Quick hit: Prop 8 ruled unconstitutional

Yesterday Vaughn Walker, Chief Judge of the Northern California U.S. District Court, ruled  CA Prop 8 unconstitutional on Due Process and Equal Protection grounds.  You can read the full ruling here (scribd online) or here (pdf).

There’s much more to be said about the detailed, thorough text of the decision, but for now it’s worth highlighting a couple points.  One, Judge Walker forcefully argued that Prop 8 was based on unproven assertions that gay and lesbian couples are inferior to straight couples:

Proposition 8 fails to advance any rational basis in singling out gay men and lesbians for denial of a marriage license. Indeed, the evidence shows Proposition 8 does nothing more than enshrine in the California Constitution the notion that opposite-sex couples are superior to same-sex couples.  Because California has no interest in discriminating against gay men and lesbians, and because Proposition 8 prevents California from fulfilling its constitutional obligation to provide marriages on an equal basis,the court concludes that Proposition 8 is unconstitutional.

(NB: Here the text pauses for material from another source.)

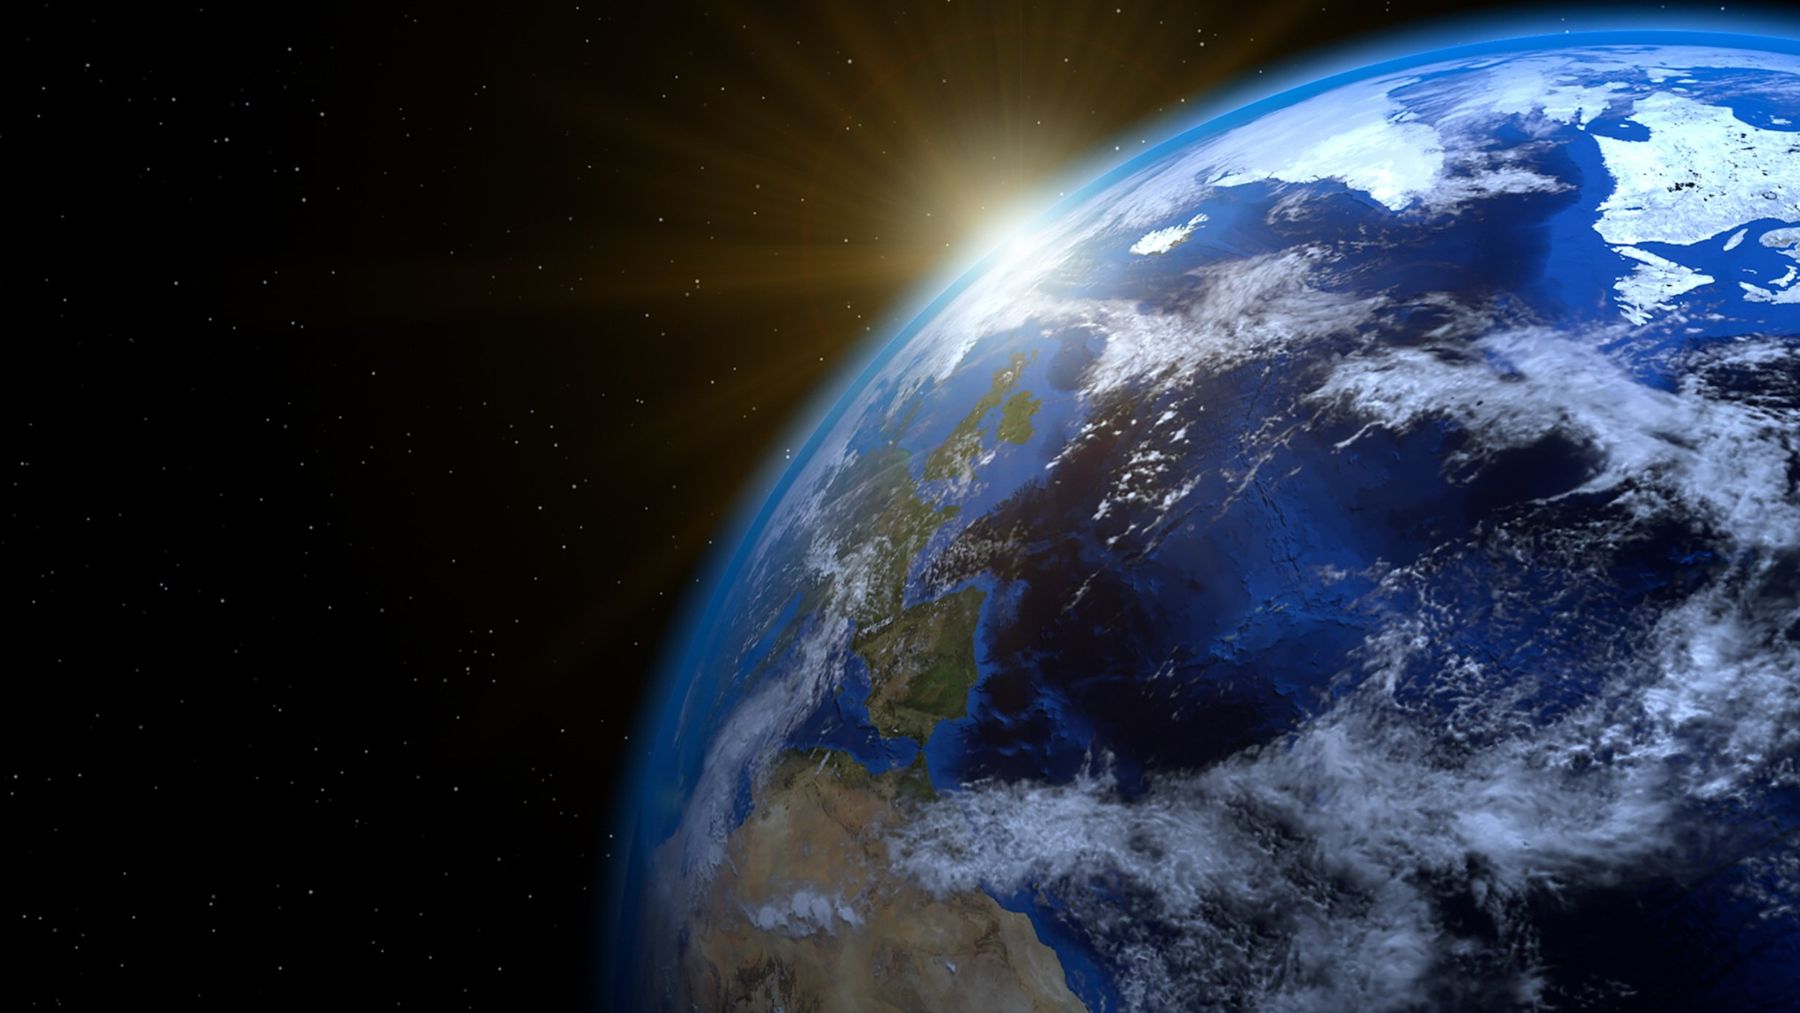 La Tierra a 6.000 millones de kilómetros es la dura revelación de la NASA en su foto más escalofriante

Secondly, the ruling is not just an argument for the equality of heterosexuals and sexual minorities, or an argument for marriage equality, it’s an argument for gender equality as well:

The evidence shows that the movement of marriage away from a gendered institution and toward an institution free from state-mandated gender roles reflects an evolution in the understanding of gender rather than a change in marriage. The evidence did not show any historical purpose for excluding same-sex couples from marriage, as states have never required spouses to have an ability or willingness to procreate in order to marry. FF 21. Rather, the exclusion exists as an artifact of a time when the genders were seen as having distinct roles in society and in marriage. That time has passed.

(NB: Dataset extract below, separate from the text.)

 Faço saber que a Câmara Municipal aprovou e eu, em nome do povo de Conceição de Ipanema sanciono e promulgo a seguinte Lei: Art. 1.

The right to marry has been historically and remains the right to choose a spouse and, with mutual consent, join together and form a household. FF 19-20, 34-35. Race and gender restrictions shaped marriage during eras of race and gender inequality, but such restrictions were never part of the historical core of the institution of marriage. FF 33. Today, gender is not relevant to the state in determining spouses’ obligations to each other and to their dependents. Relative gender composition aside, same-sex couples are situated identically to opposite-sex couples in terms of their ability to perform the rights and obligations of marriage under California law. FF 48. Gender no longer forms an essential part of marriage; marriage under law is a union of equals. (Emphases mine)

It’s no exaggeration to say that this is an unprecedented declaration of gender equality from a federal court.  Amazing, and incredibly encouraging.

Lastly, it’s important to remember that in the end this isn’t about some abstracted notion of equality.  This is about how inequalities materially affect people’s lives – people who are fully human, and fully deserving of the rights, worth, and dignity that every human being merits.  This reflection by Celia Perry on what Judge Walker’s decision means to her as the daughter of a lesbian couple is a great reminder of what’s at stake here, and incredibly moving:

I was eight when Braschi’s case was decided. Like any normal eight-year-old, I certainly wasn’t up on LGBT caselaw, and I definitely didn’t know how precarious my family’s legal situation was. But although I didn’t understand it intellectually, I could feel it in my gut. I knew that my family was different, and that most Americans didn’t approve of it. No matter how loving a family is—and let me tell you, mine epitomizes the four-letter verb—that’s a whole lot of shame for a third-grader to internalize. And that shame is probably part of the reason why, in October 2008, I was a sobbing mess as I spoke at my moms’ wedding. (They’d scheduled the wedding before the November elections, knowing that Prop. 8 would likely pass, making their nuptials no longer legally viable.) As I stood before 150 of our closest friends and family with one mom on either side of me, so many things raced through my mind, like all the times I heard the word “faggot” casually thrown around at recess, and how Ellen DeGeneres stunned the nation when she came out on TV only a decade earlier. But most of all, the thing making me bawl like a baby was knowing that I hadn’t talked to my best friend about my moms being gay until after we’d graduated from high school in 1999. And that, right there, is why marriage is so important. It’s a public seal of approval. It’s our society saying that one’s sexual orientation, or the sexual orientation of one’s parents, doesn’t bestow second-class citizenship. And that it’s never something to be ashamed of.

It didn’t take Judge Walker’s ruling today for me to know that my moms deserve the rights of marriage. But after all this time, it sure is good to hear a judge say it.

“One’s sexual orientation, or the sexual orientation of one’s parents, doesn’t bestow second-class citizenship.”  Because there’s no such thing as a second-class human being.  This is a great day for the cause of equality, one more victory in the struggle to build a society where the full humanity and dignity of all people are respected.